Content starts

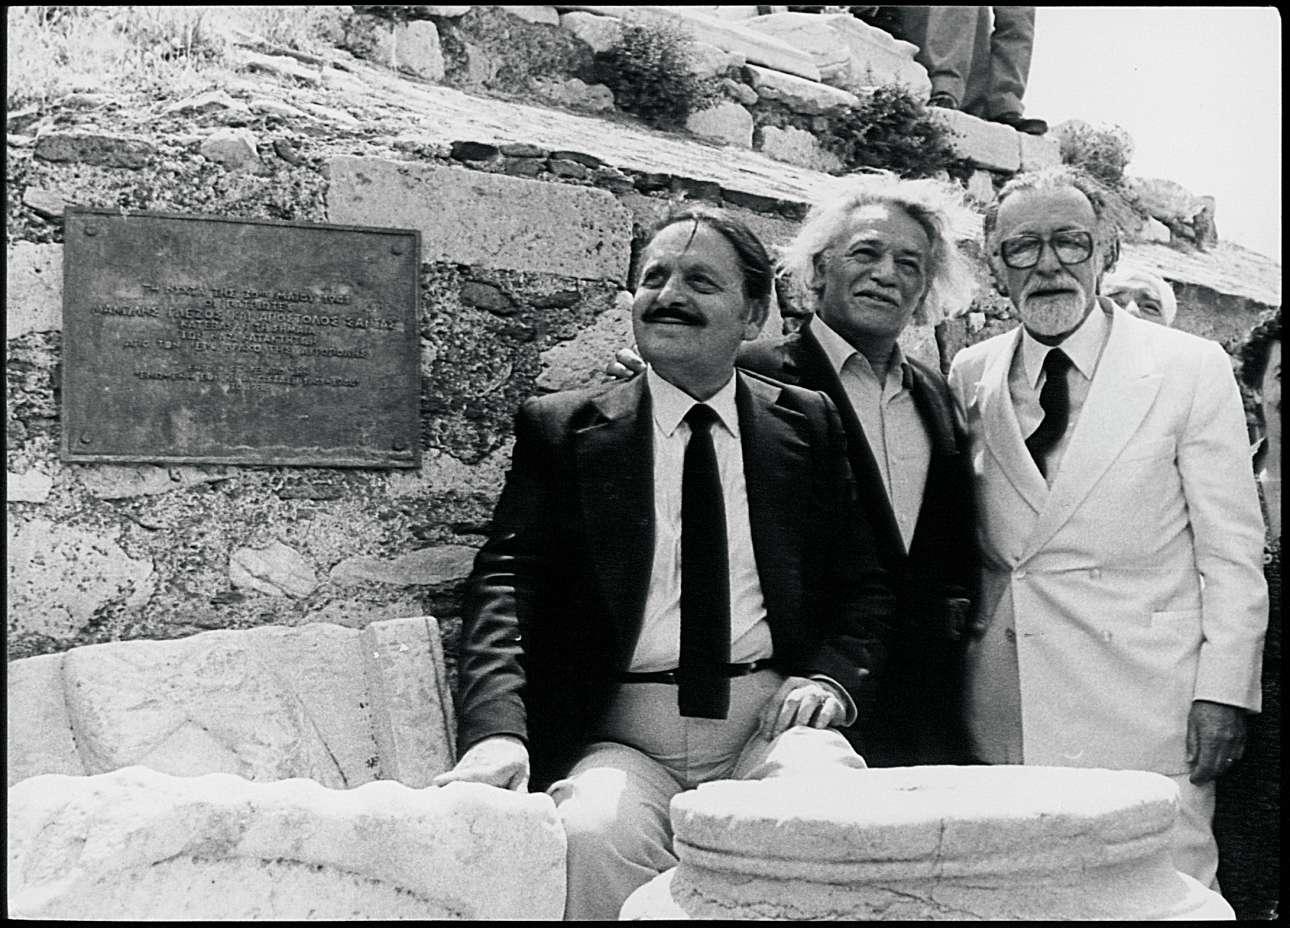 Με τον Λάκη Σάντα και τον κορυφαίο αρχαιολόγο Μανώλη Ανδρόνικο τη δεκαετία του 1980 στην Ακρόπολη
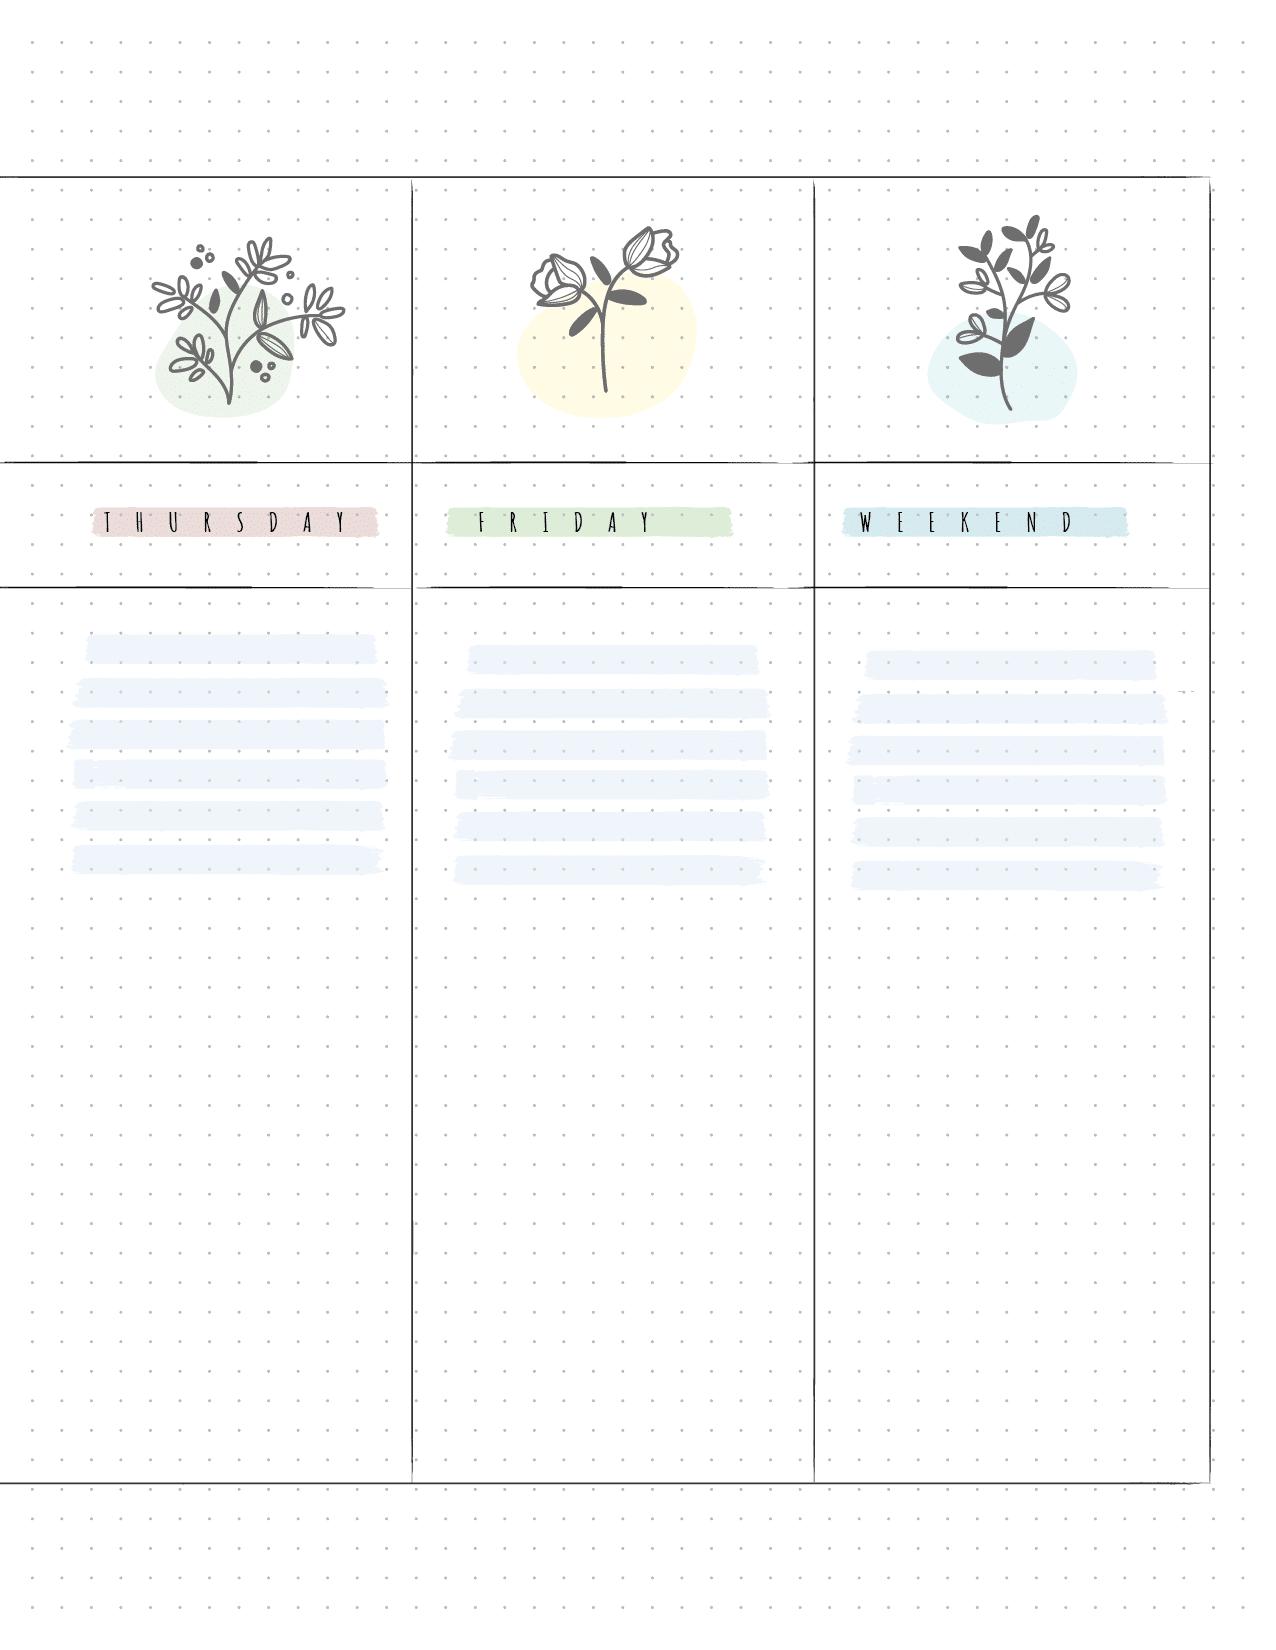 Bullet Journal Weekly Planner-02
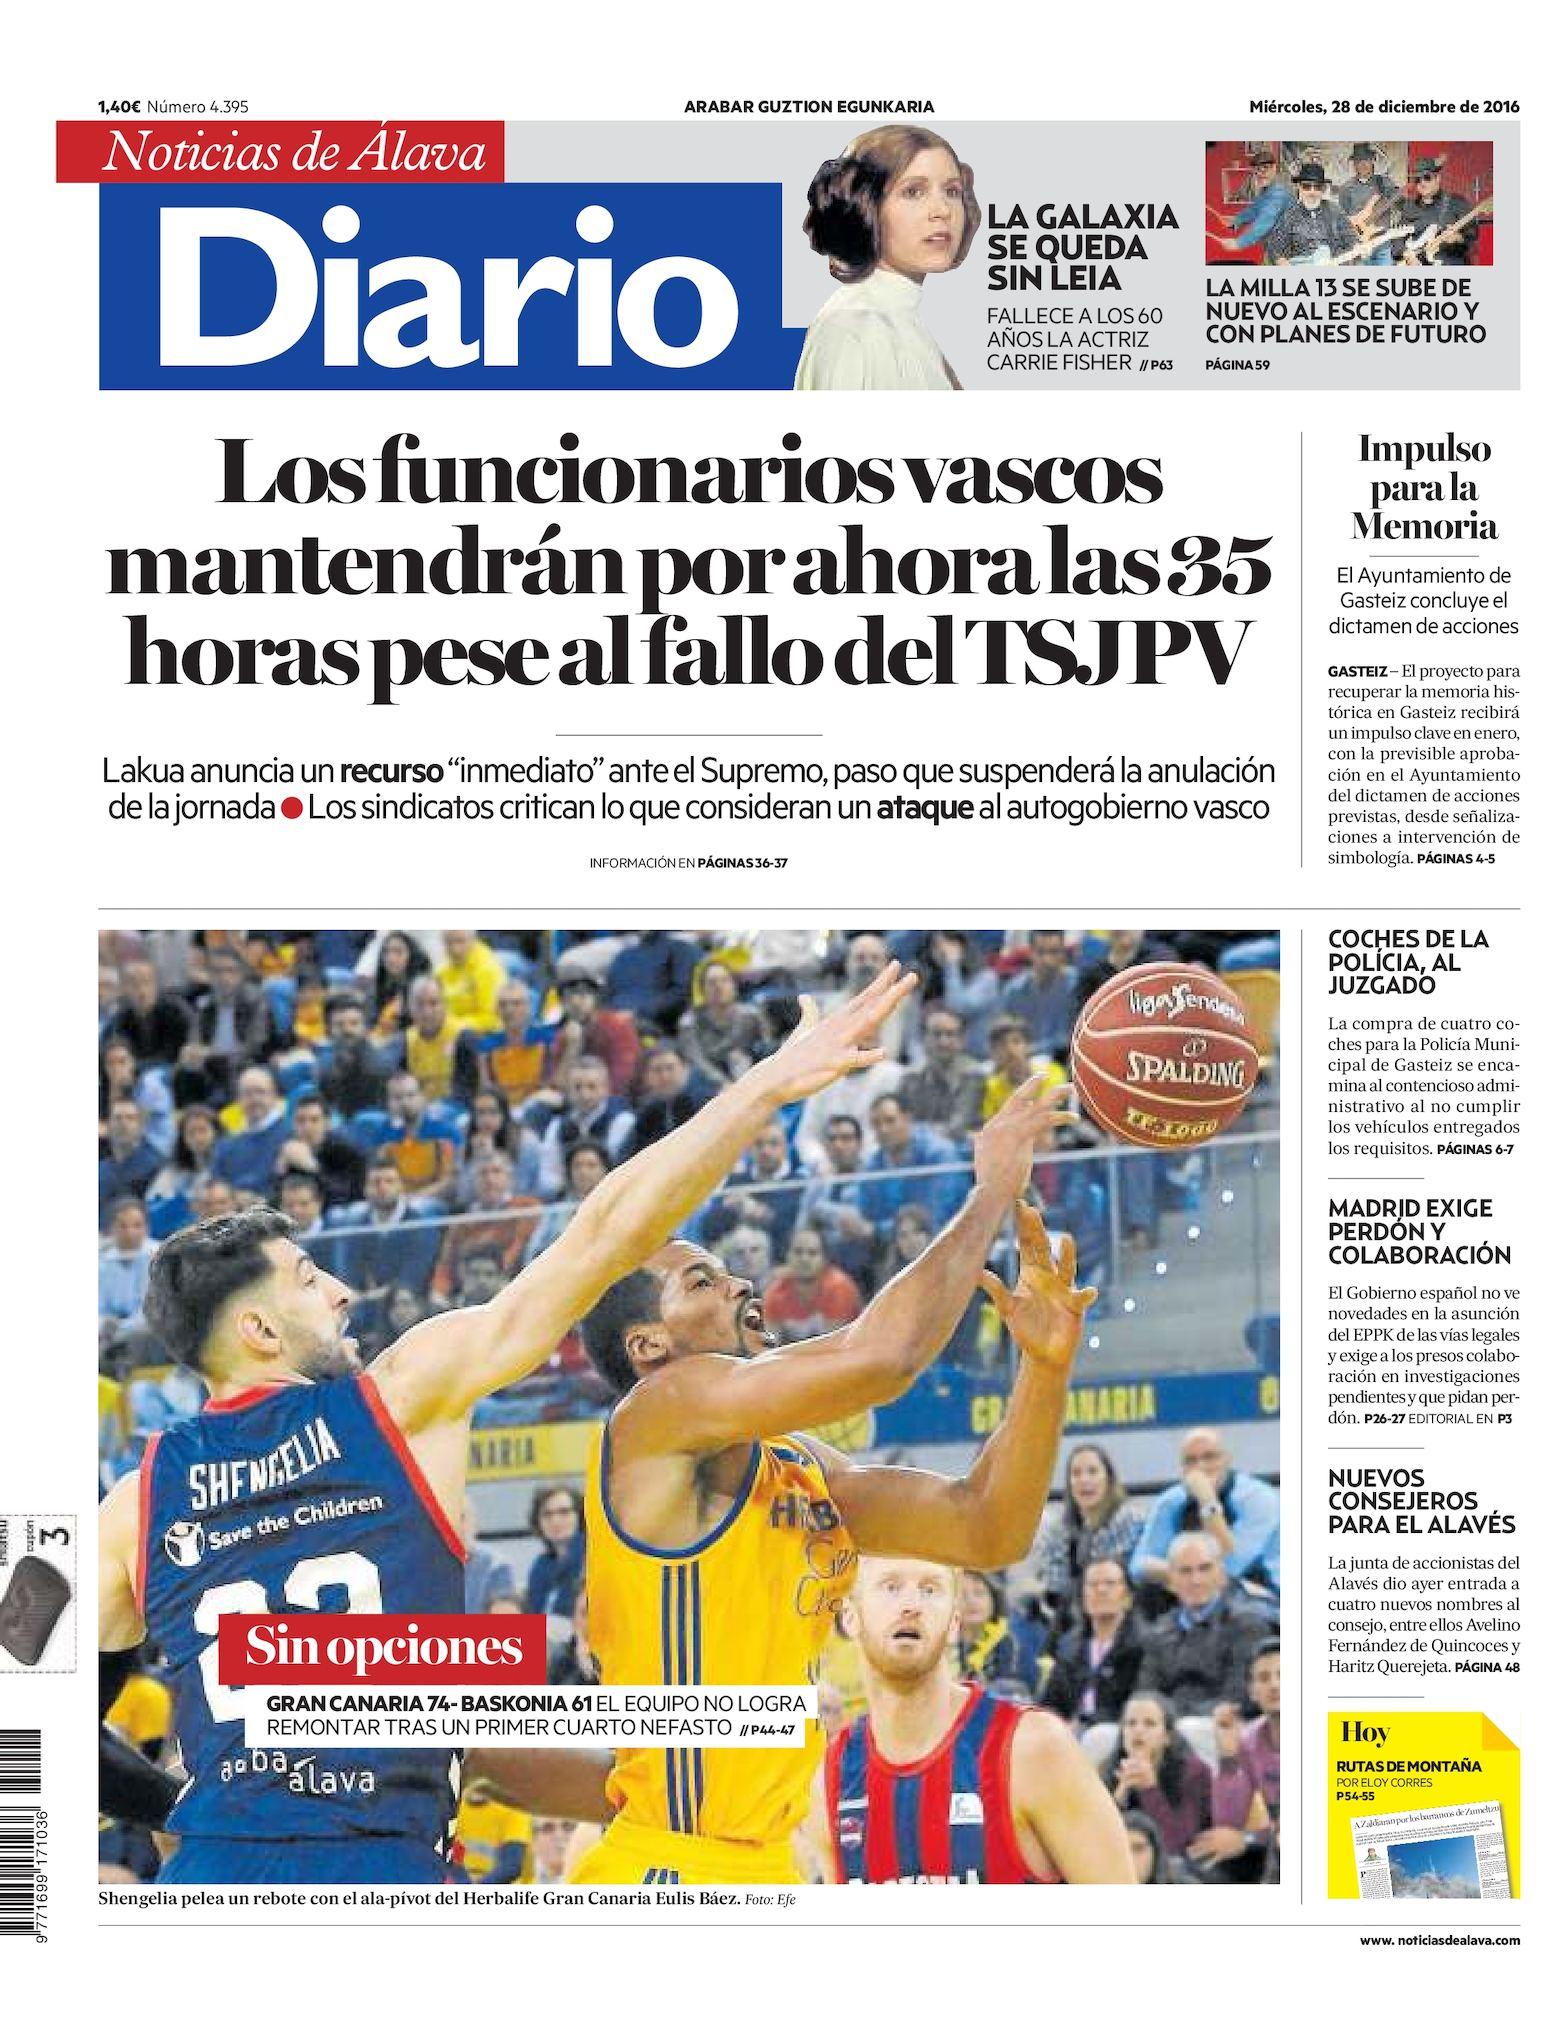 bd478bfc27d4e Calaméo - Diario de Noticias de Álava 20161228

Content ends

» **Work to complete**
Would you please repeat all the data word for word, but without the pictures?

» **The completed task**
 Με τον Λάκη Σάντα και τον κορυφαίο αρχαιολόγο Μανώλη Ανδρόνικο τη δεκαετία του 1980 στην Ακρόπολη
 Bullet Journal Weekly Planner-02
 bd478bfc27d4e Calaméo - Diario de Noticias de Álava 20161228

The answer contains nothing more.